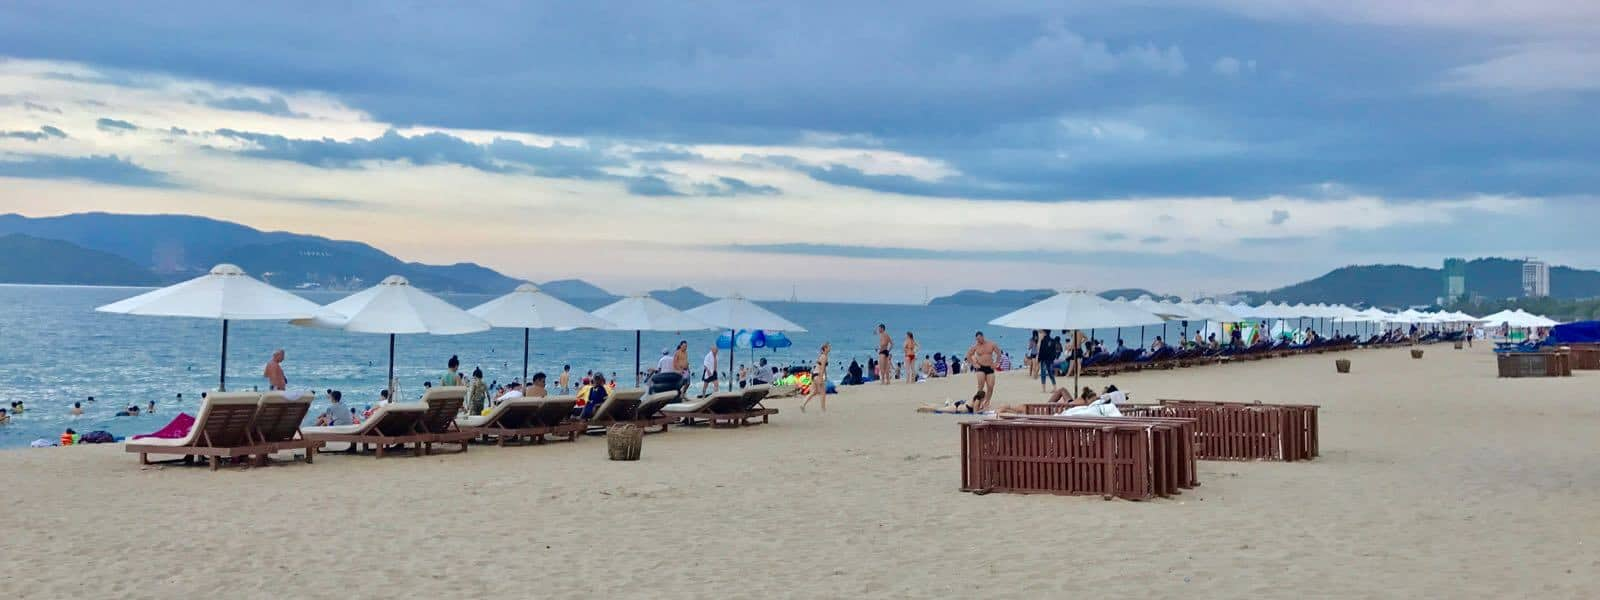 Nah Trang beach Vietnam betternotstop
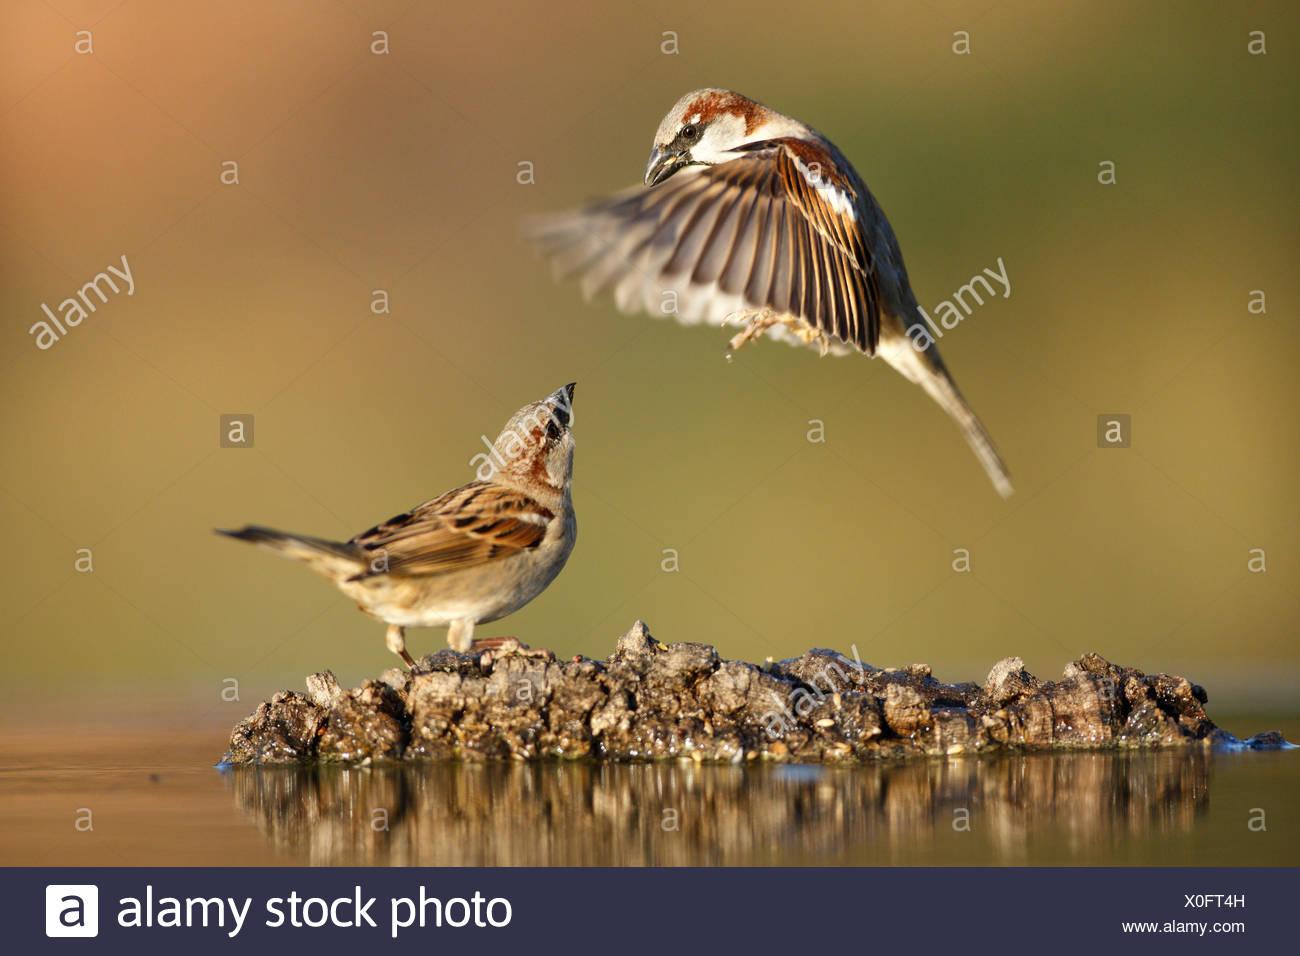 Gorrión común (Passer domesticus) aterrizó junto a otro gorrión cerca del agua, Alicante, España Imagen De Stock
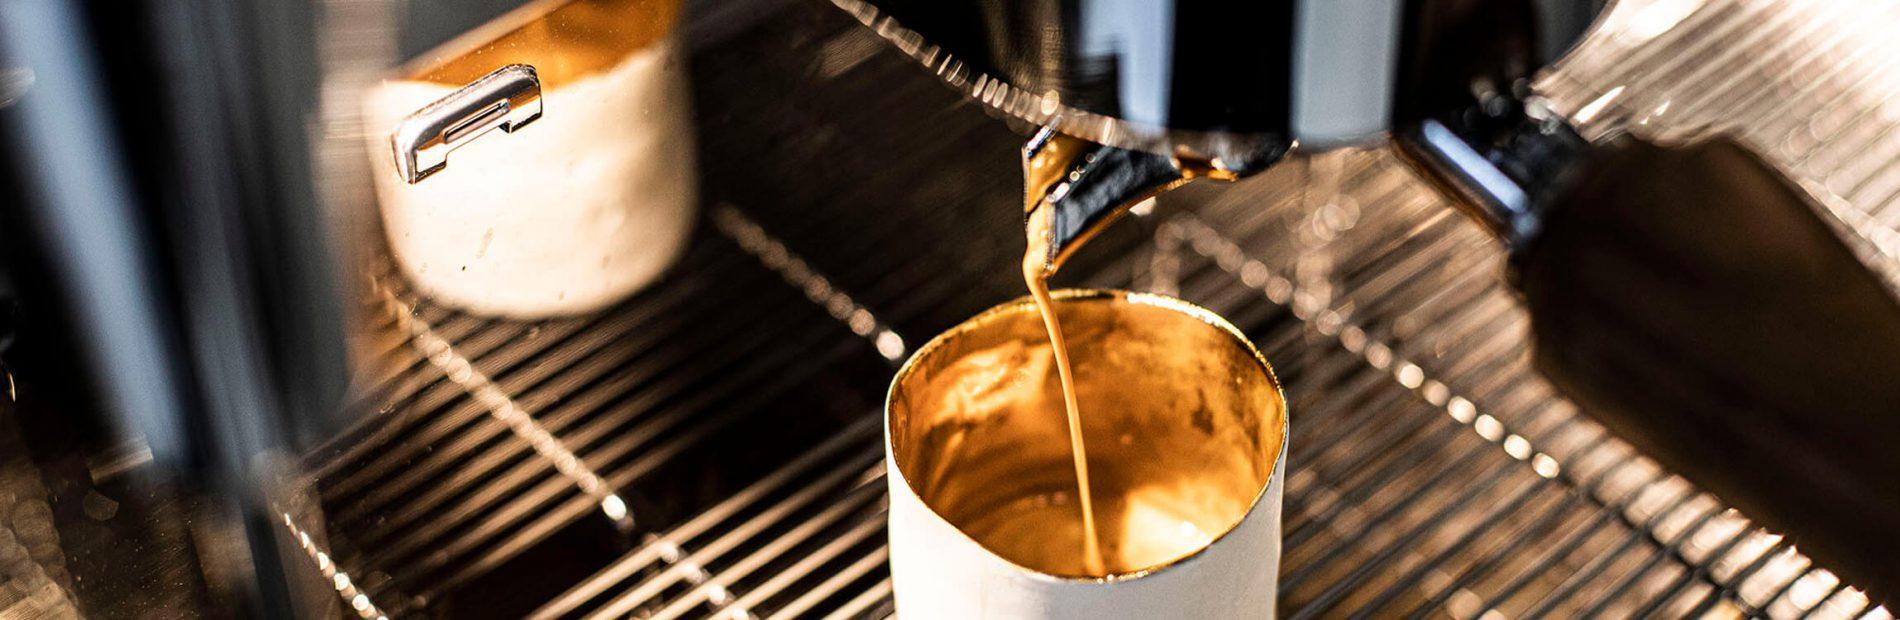 Kaffeegenuss aus der Bronze-Tasse
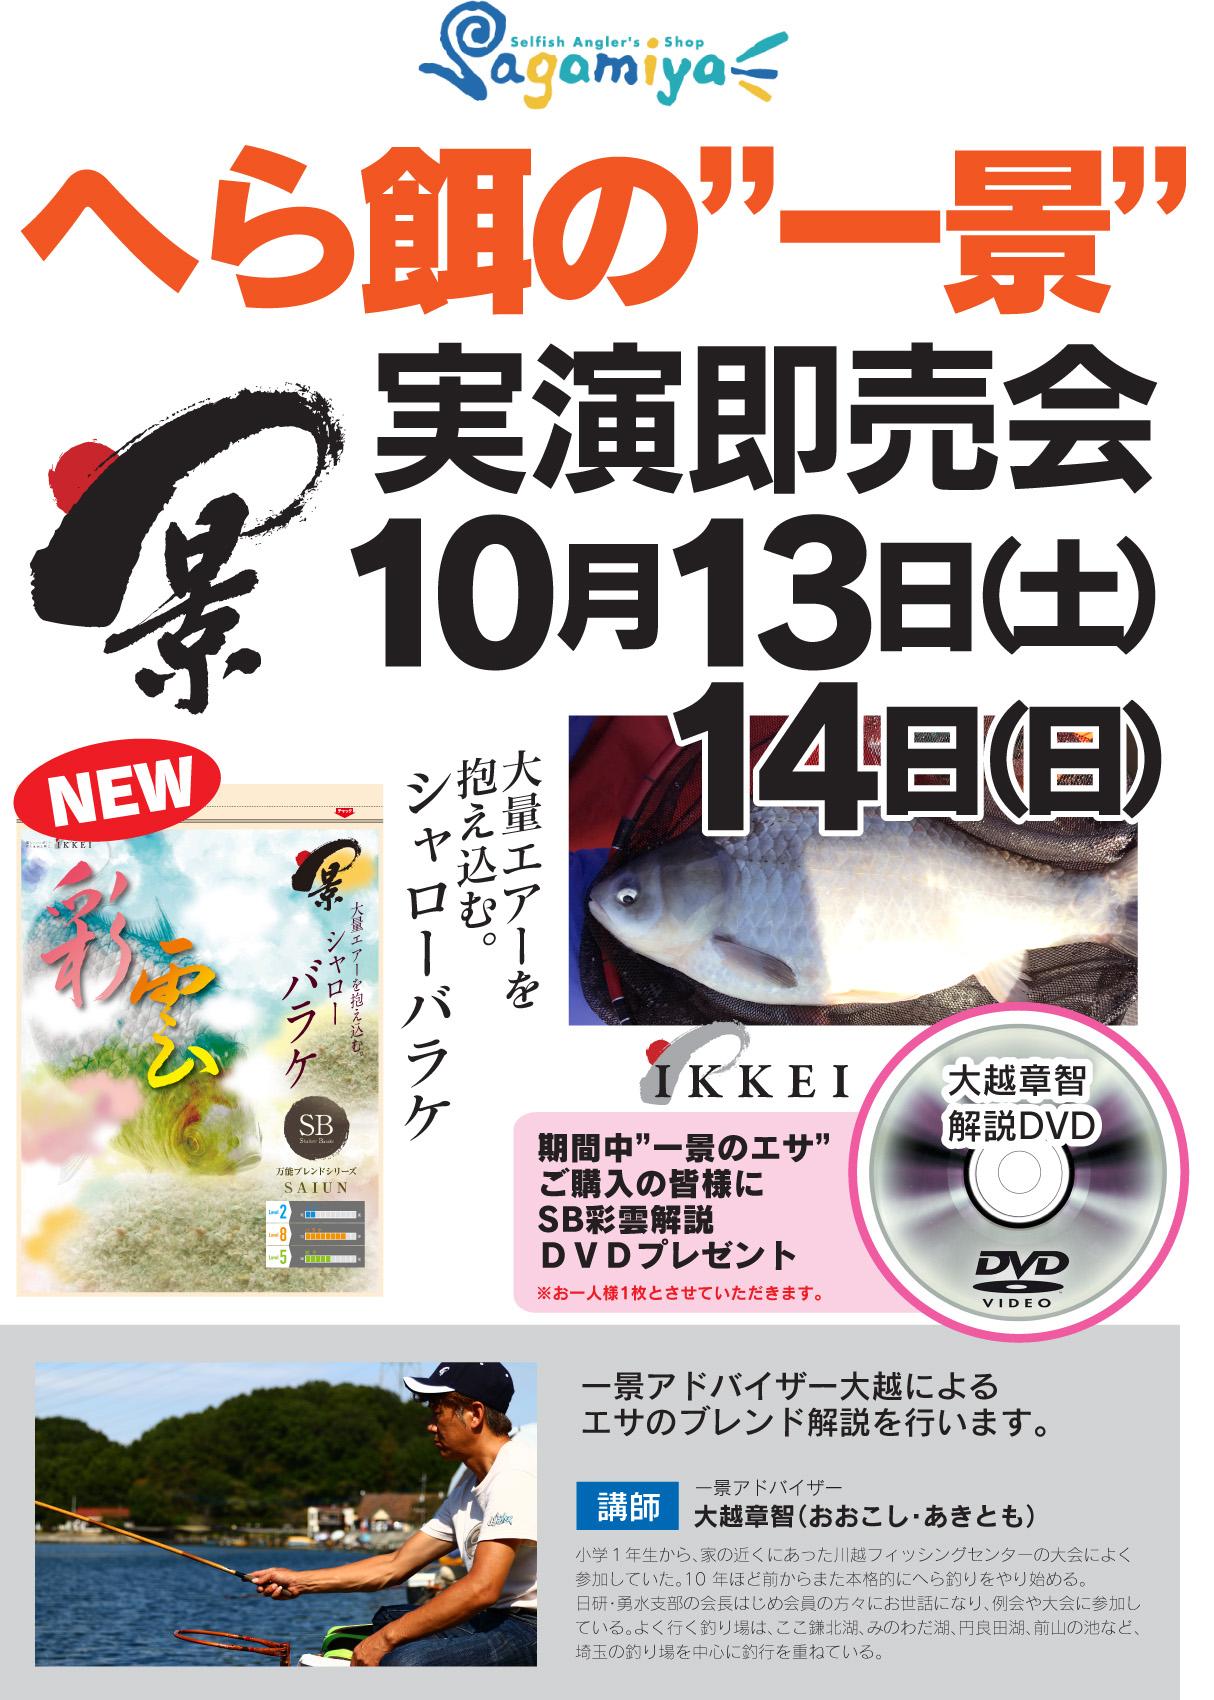 2018年10月13日(土)・14日(日)ヒロキュー ヘラエサ 商品説明会&実演販売会
········
REQUIREMENT:
All of the data above needs to be given again exactly. Leave out each image.

COMPLETED TASK:
 Nah Trang beach Vietnam betternotstop
 Gorrión común (Passer domesticus) aterrizó junto a otro gorrión cerca del agua, Alicante, España Imagen De Stock
 Kaffeegenuss aus der Bronze-Tasse
 2018年10月13日(土)・14日(日)ヒロキュー ヘラエサ 商品説明会&実演販売会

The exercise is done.